Дождь струился с него на паркет, он смеялся, полотенцем вытирая руки и волосы; а Вера запирала за ним дверь и бежала к окнам — словно он был птицей и мог вылететь. «Нагнитесь!» — сказала она: к затылку его пристал мокрый лист, а все только для того, чтобы понюхать, не пахнет ли он мальчишкой, воробьем, — да, он пахнул немножко Самом, этот взрослый, тридцатилетний человек. Он не ее. Она совсем одна. Оборвалось все, что тянула она за собою раньше, где-то еще между Штеттином и Парижем оборвалось оно — за то, что она всех любила, всему радовалась и никого не предпочитала. И теперь она стоит перед человеком, и у нее нет ничего, кроме какого-то странного восторга перед каждым его жестом — из этого восторга всякая на ее месте сделала бы счастье (в зверином тепле, в звериной полутьме), а она — нет. Может быть, потому, что не надо быть храброй, не надо быть сильной, самоуверенной, крепкой? Блаженны… Нет, она никак не вспомнит этот евангельский стих, и некого спросить — какие все безбожники кругом! И совершенство мое — безбожное тоже.

— Эй, где вы там? Смотрите, я нашла сиреневое счастье.

— Где? Где? Дайте его собачке, — пусть она его съест… Вера села на постели и зажгла свет. Все было тихо, гроза давно кончилась. «И не убила меня, — насмешливо сказала себе Вера, — хоть я и на седьмом этаже». И вдруг она ясно представила себе, как в электрический счетчик, висящий в прихожей, бьет молния, бежит по проводам и, из этой маленькой круглой лампы, с ночного столика, убивает ее.

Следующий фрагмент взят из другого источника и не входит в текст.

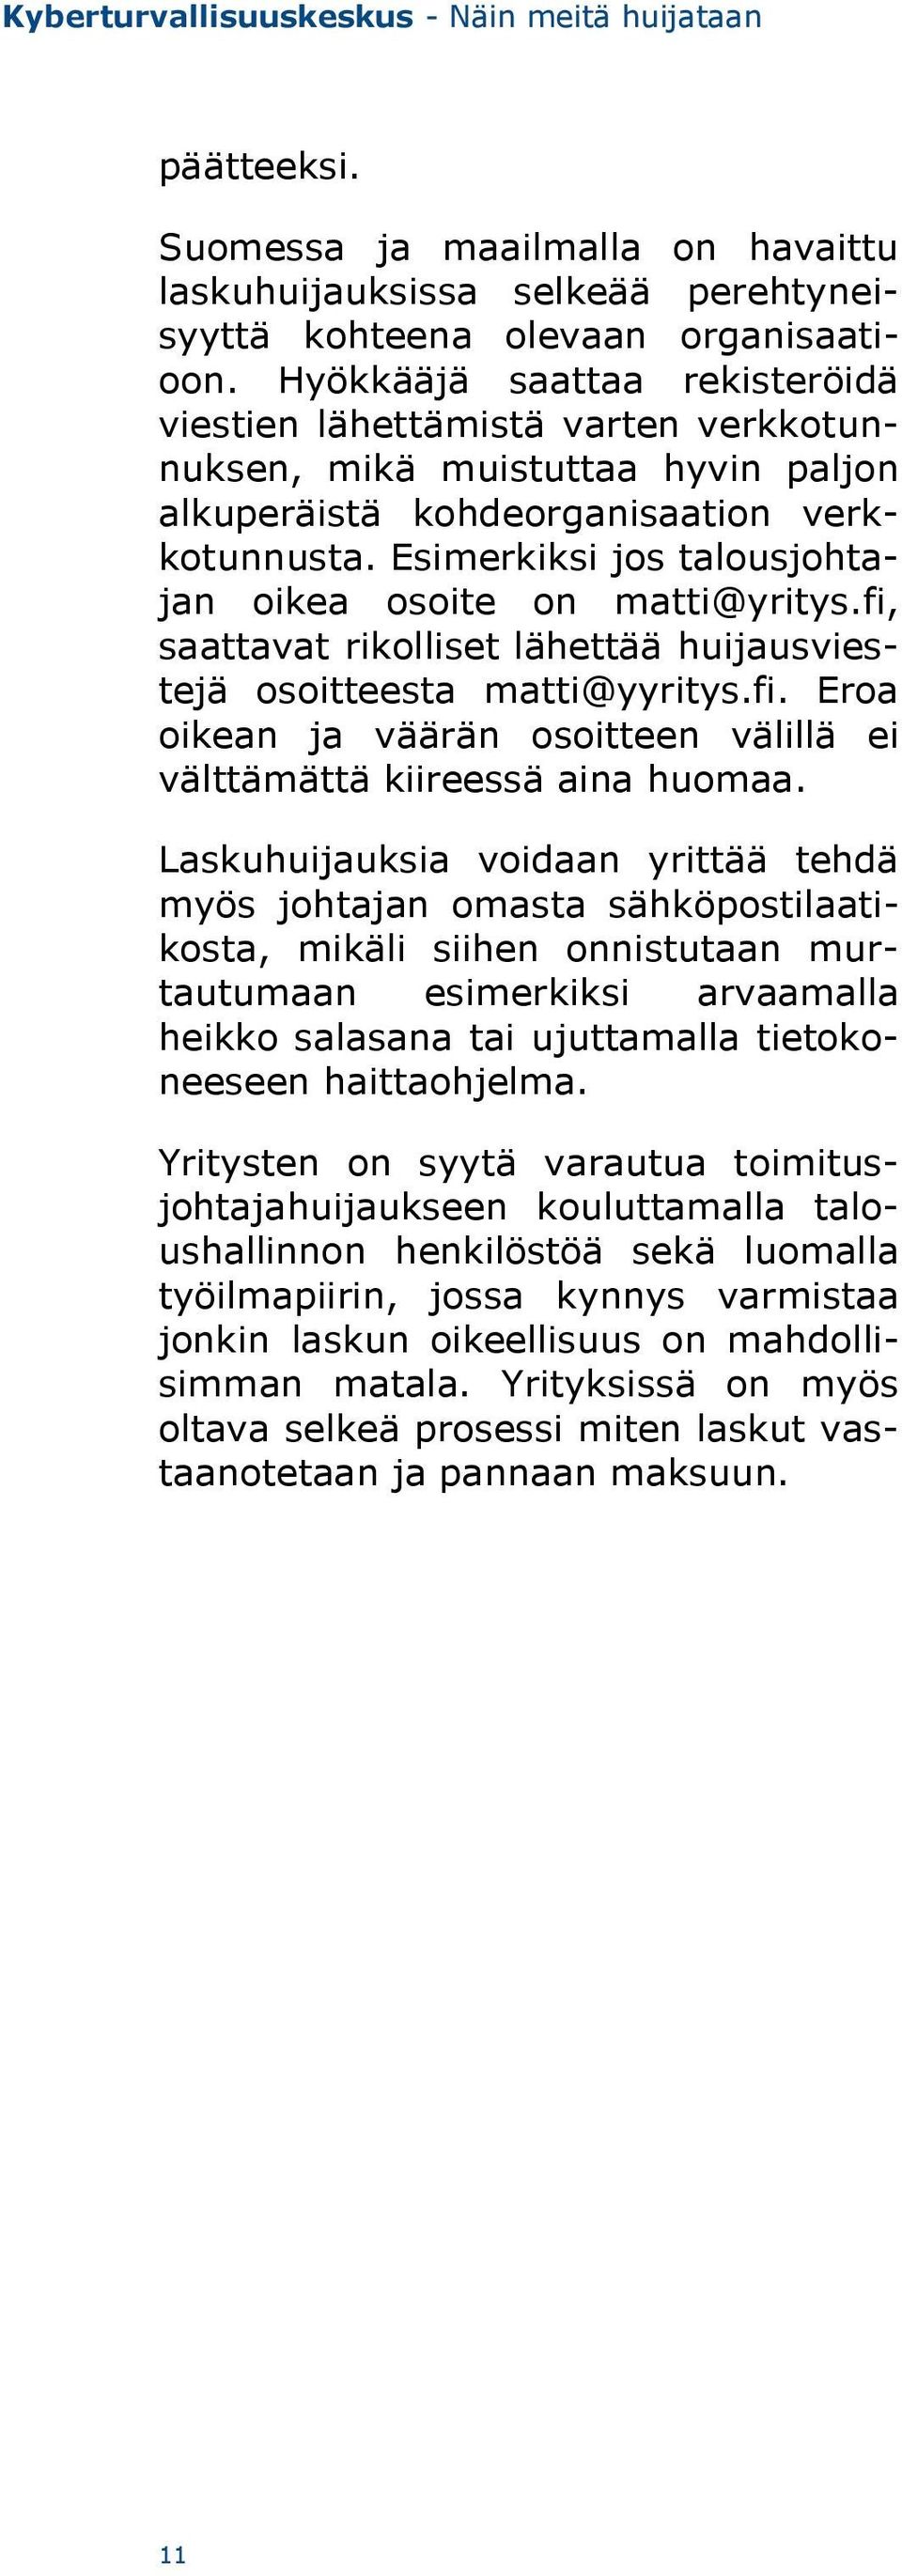 Esimerkiksi jos talousjohtajan oikea osoite on matti@yritys.fi, saattavat rikolliset lähettää huijausviestejä osoitteesta matti@yyritys.fi. Eroa oikean ja väärän osoitteen välillä ei välttämättä kiireessä aina huomaa.

И тогда наступает тьма.

И в это мгновенье рушится все: и старая дача, где-то там, на севере, на северо-востоке (почему-то чудом уцелевшая до сих пор), и рододендрон в саду Лизи, и дорога в Болье, и от всего Средиземного моря не остается ни одного единственного синего лоскутка; в это мгновенье вечной тьмы рассыпается в прах Париж с Дашковским, могила Александра Альбертовича, все, все, что только было, что прошло по сердцу, что запомнилось и что забылось, — все без остатка пропадает, проваливается вселенная.

Но лампа под колпачком горит тепло и светло, по чистому небу бежит чистый и ясный Млечный путь. Может быть, по небу полуночи ангел летит? Не видно; не слышно. Рояль был весь раскрыт, и струны в нем звучали. Это не цыганский романс, это — Фет, а Шурка Венцова пела это, как цыганский романс. И еще она пела: Я вас ждала, а вы, вы все не шли.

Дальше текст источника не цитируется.